Second Order Influence Calculator

View source | 📰 Original Paper

When working with groups of data, it can prove useful to take into account the pairwise interactions in terms of influence when leaving out large groups of data-points. Basu et al. have thus introduced a second-order formulation that takes these interactions into account:

\[ \mathcal{I}^{(2)} (\mathcal{U}, z_t) = \nabla_\theta \ell (\hat{\theta}, z_t) \left(\mathcal{I}^{(1)} (\mathcal{U}) + \mathcal{I}' (\mathcal{U})\right) \]
\[ \mathcal{I}^{(1)} (\mathcal{U}) = \frac{1 - 2 p}{(1 - p)^2} \frac{1}{|\mathcal{S}|} H_{\hat{\theta}}^{-1} \sum_{z \in \mathcal{U}} \nabla_\theta \ell (\hat{\theta}, z) \]
\[ \mathcal{I}' (\mathcal{U}) = \frac{1}{(1 - p)^2} \frac{1}{|S|^2} \sum_{z \in \mathcal{U}} H_{\hat{\theta}}^{-1} \nabla_\theta^2 (\hat{\theta}, z) H_{\hat{\theta}}^{-1} \sum_{z' \in \mathcal{U}} \nabla_\theta \ell (\hat{\theta}, z') \]

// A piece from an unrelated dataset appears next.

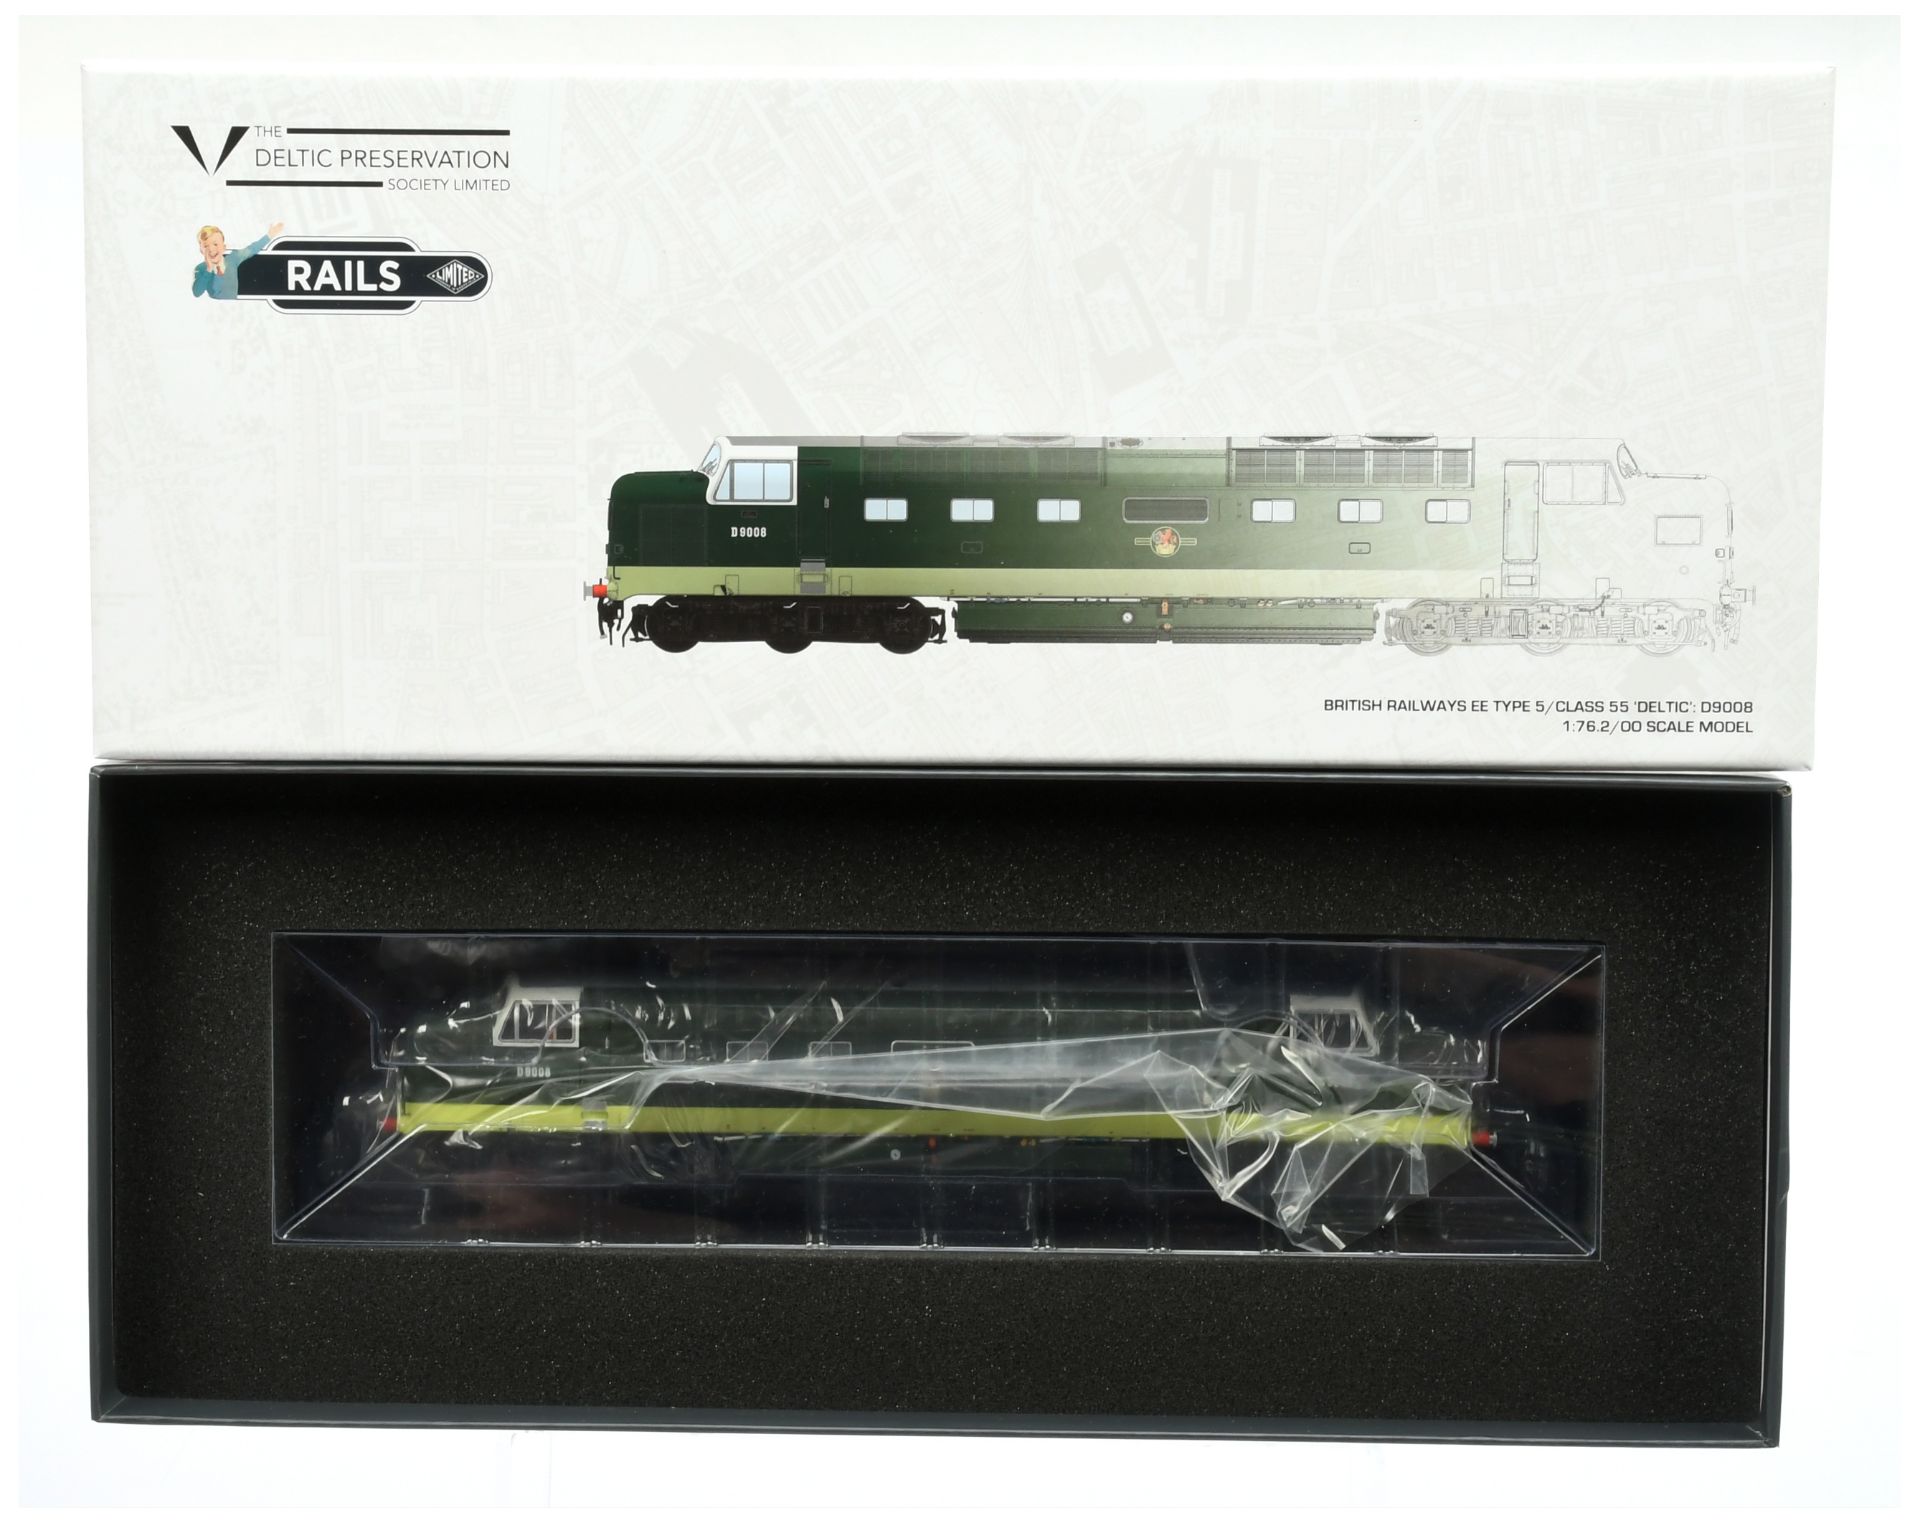 Accurascale BR Class 55 Diesel Locomotive D9008 "Deltic" - Image 2 of 2
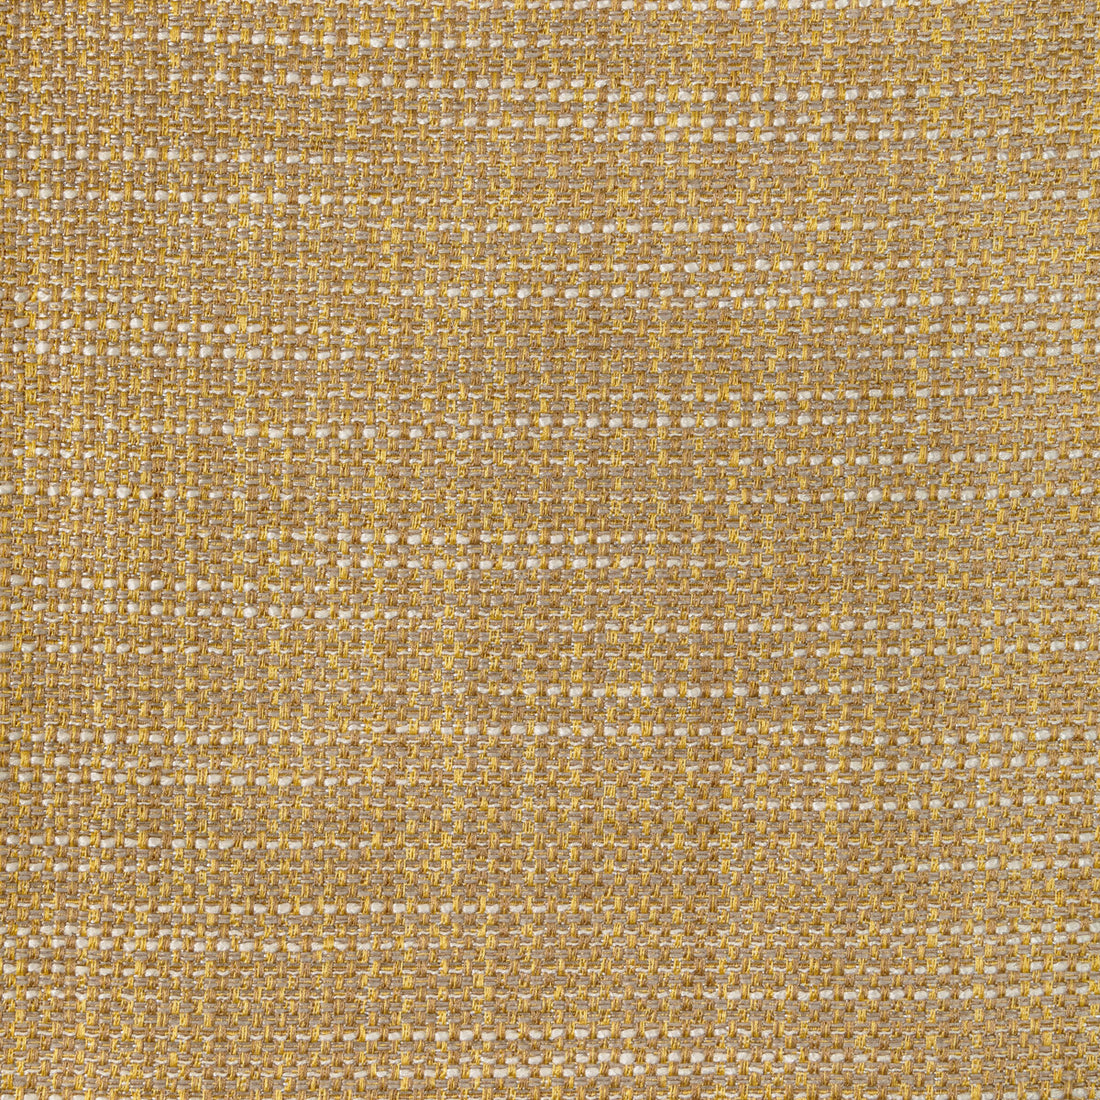 Luma Texture fabric in butterscotch color - pattern 4947.411.0 - by Kravet Contract in the Fr Window Luma Texture collection

As with the rest of the methods based on calculating inverse-hessian-vector products, an important part of the computations are carried out by objects from the class InverseHessianVectorProduct.

Notebooks

SecondOrderInfluenceCalculator

A class implementing the necessary methods to compute the different influence quantities (only for groups) using a second-order approximation, thus allowing us to take into account the pairwise interactions between points inside the group. For small groups of points, consider using the first order alternative if the computational cost is too high.

__init__(self,
         model: deel.influenciae.common.model_wrappers.InfluenceModel,
         dataset: tf.Dataset,
         ihvp_calculator: Union[str, deel.influenciae.common.inverse_hessian_vector_product.InverseHessianVectorProduct, deel.influenciae.common.inverse_hessian_vector_product.IHVPCalculator] = 'exact',
         n_samples_for_hessian: Optional[int] = None,
         shuffle_buffer_size: Optional[int] = 10000)

Parameters

  • model : deel.influenciae.common.model_wrappers.InfluenceModel

    • The TF2.X model implementing the InfluenceModel interface.

  • dataset : tf.Dataset

    • A batched TF dataset containing the training dataset over which we will estimate the inverse-hessian-vector product.

  • ihvp_calculator : Union[str, deel.influenciae.common.inverse_hessian_vector_product.InverseHessianVectorProduct, deel.influenciae.common.inverse_hessian_vector_product.IHVPCalculator] = 'exact'

    • Either a string containing the IHVP method ('exact' or 'cgd'), an IHVPCalculator object or an InverseHessianVectorProduct object.

  • n_samples_for_hessian : Optional[int] = None

    • An integer indicating the amount of samples to take from the provided train dataset.

  • shuffle_buffer_size : Optional[int] = 10000

    • An integer indicating the buffer size of the train dataset's shuffle operation -- when choosing the amount of samples for the hessian.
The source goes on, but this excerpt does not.